■ INPUT DATA ■
.....

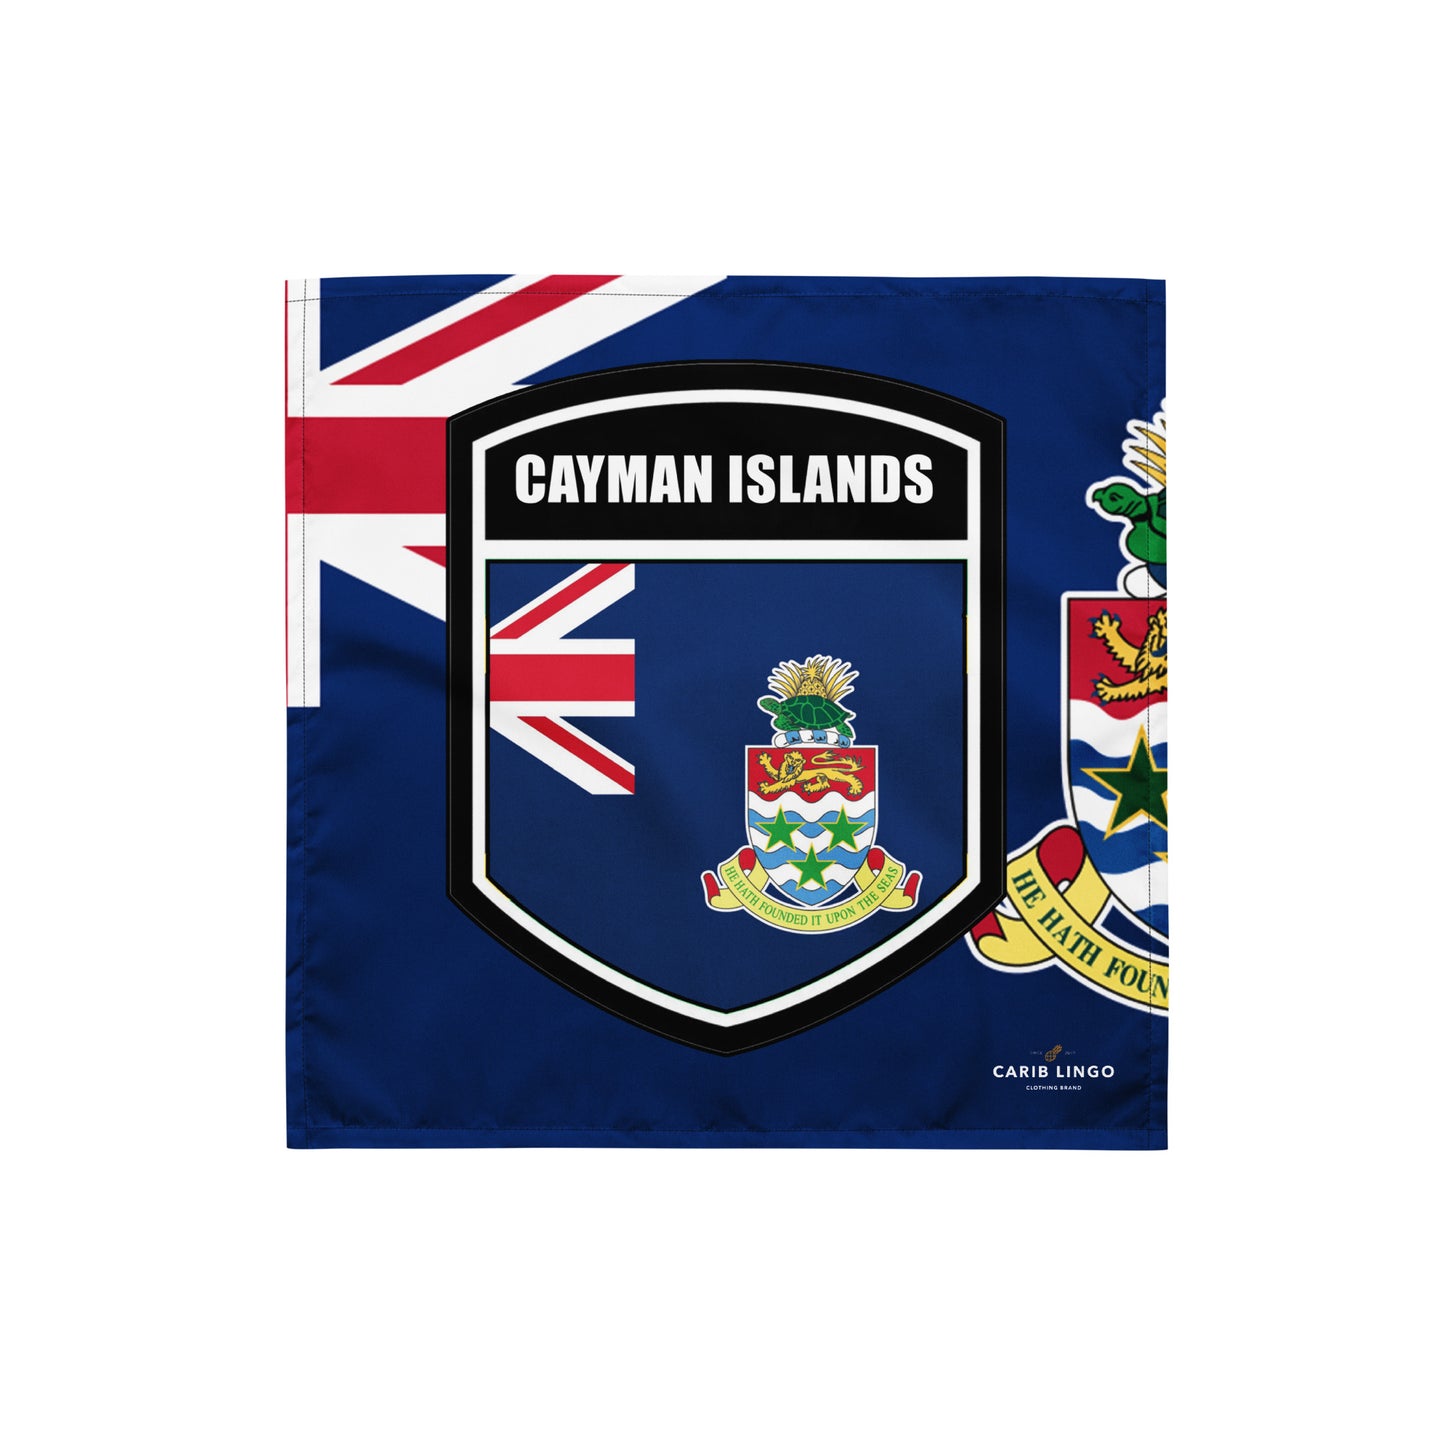 Cayman Islands bandana
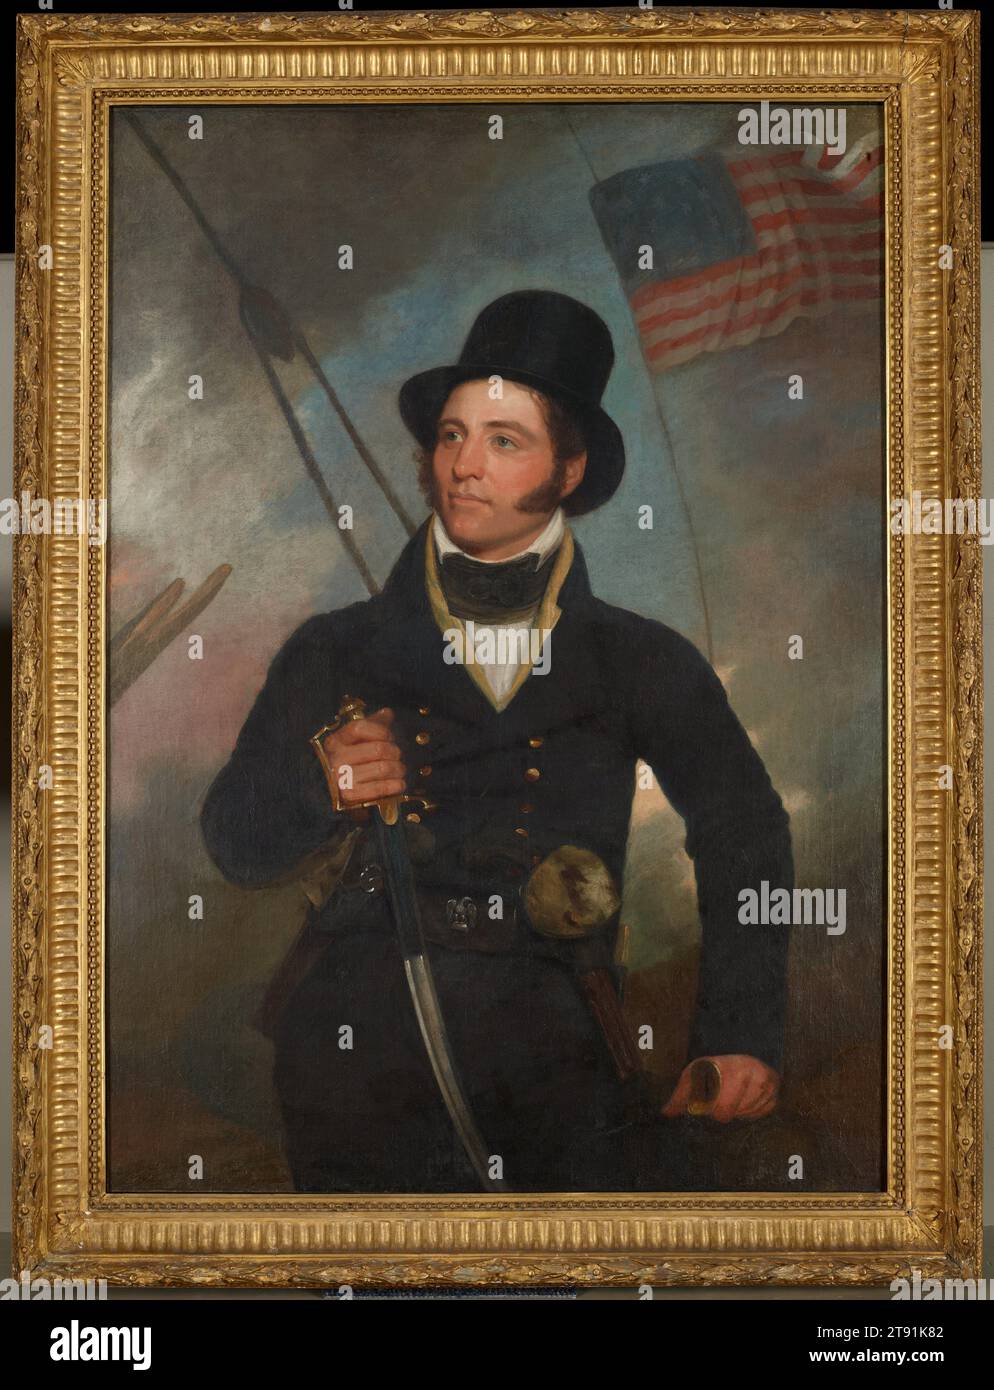 Portrait du capitaine Samuel Chester Reid, 1815, John Wesley Jarvis, américain, 1780-1839, 50 1/2 x 36 3/8 po (128,27 x 92,39 cm) (toile)58 7/8 x 44 5/8 x 4 po (149,54 x 113,35 x 10,16 cm) (cadre extérieur), huile sur toile, États-Unis, 19e siècle, le capitaine Samuel Reid fut l'un des héros de la guerre de 1812, battant les Britanniques en 1814 et sauvant la Nouvelle-Orléans de la conquête britannique. En 1817, deux ans après la peinture de ce portrait, Reid dessine le motif actuel du drapeau américain composé d'étoiles et de barres, avec treize bandes représentant les colonies américaines originales Banque D'Images
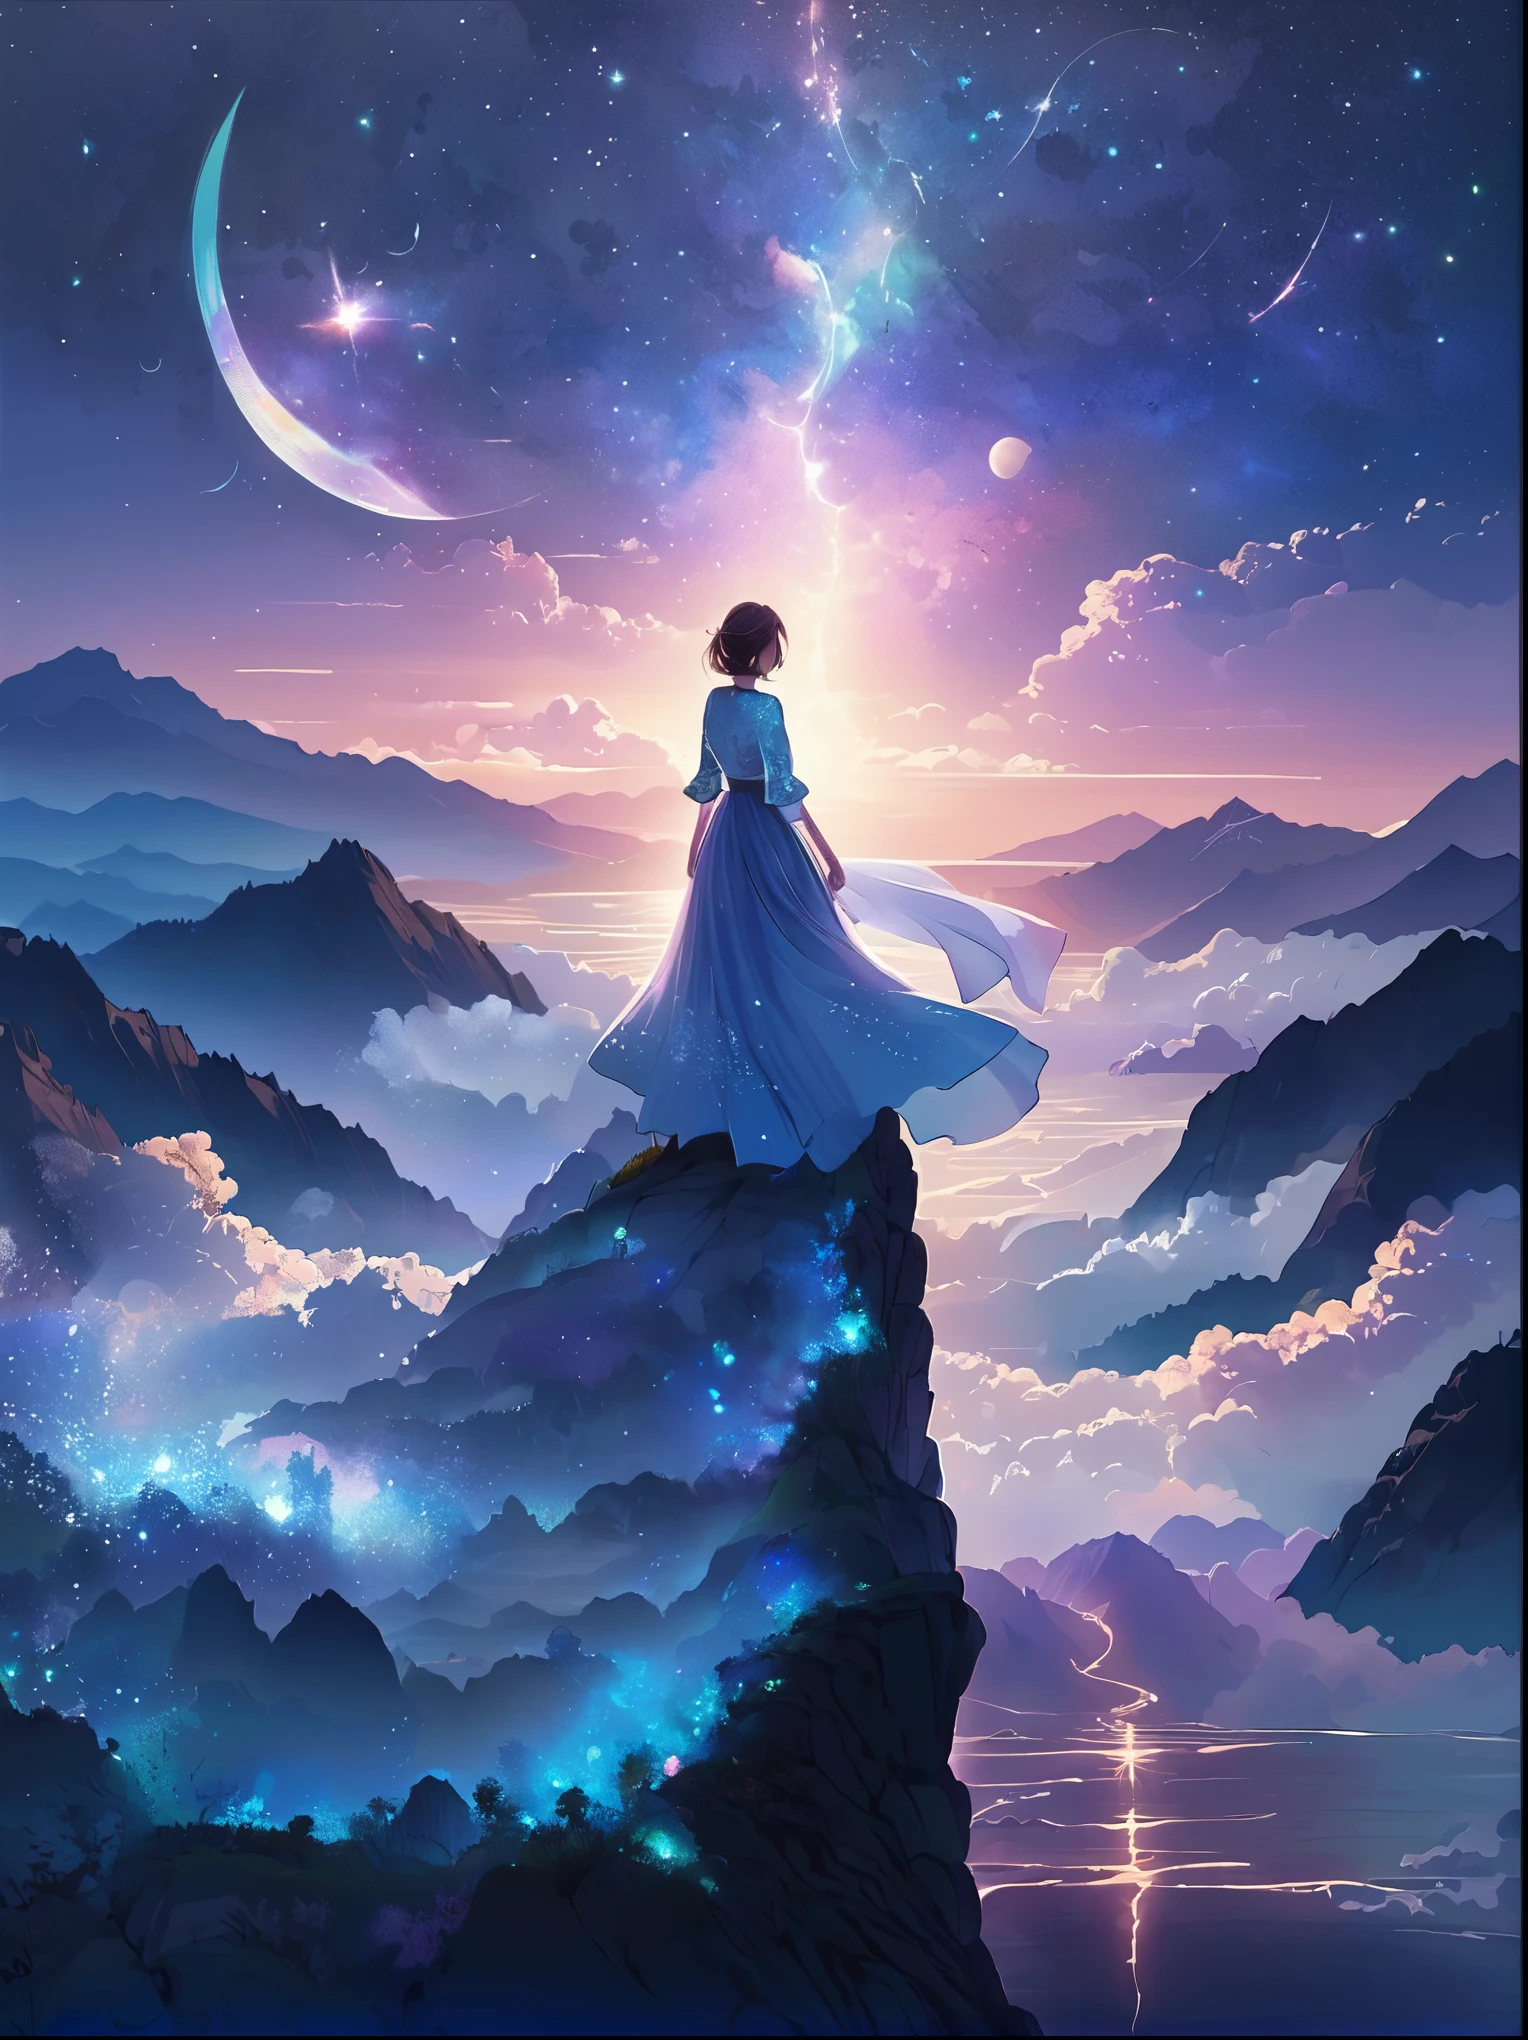 (從後面看)，一個人站在懸崖上，在梦幻般的, 朦朧的風景，(女孩&#39;完美的背部)，(背对观众)，被宇宙能量漩渦包圍，穿着飘逸长袍的人的背影，与天体气流融合，天空是深紫色和藍色的掛毯，點綴著星星，下面的景色隐约可见连绵起伏的山脉，這一幕是祥和莊嚴的，捕捉宇宙的壮丽本质，一个沉思的身影敬畏地站着

.....

■ WHAT YOU HAVE TO DO ■
Your task is to repeat, word for word and with no picture, every line from the one that contains "Portrait du capitaine" through the last line of the data.

■ TASK RESPONSE ■
 Portrait du capitaine Samuel Chester Reid, 1815, John Wesley Jarvis, américain, 1780-1839, 50 1/2 x 36 3/8 po (128,27 x 92,39 cm) (toile)58 7/8 x 44 5/8 x 4 po (149,54 x 113,35 x 10,16 cm) (cadre extérieur), huile sur toile, États-Unis, 19e siècle, le capitaine Samuel Reid fut l'un des héros de la guerre de 1812, battant les Britanniques en 1814 et sauvant la Nouvelle-Orléans de la conquête britannique. En 1817, deux ans après la peinture de ce portrait, Reid dessine le motif actuel du drapeau américain composé d'étoiles et de barres, avec treize bandes représentant les colonies américaines originales Banque D'Images
 (從後面看)，一個人站在懸崖上，在梦幻般的, 朦朧的風景，(女孩&#39;完美的背部)，(背对观众)，被宇宙能量漩渦包圍，穿着飘逸长袍的人的背影，与天体气流融合，天空是深紫色和藍色的掛毯，點綴著星星，下面的景色隐约可见连绵起伏的山脉，這一幕是祥和莊嚴的，捕捉宇宙的壮丽本质，一个沉思的身影敬畏地站着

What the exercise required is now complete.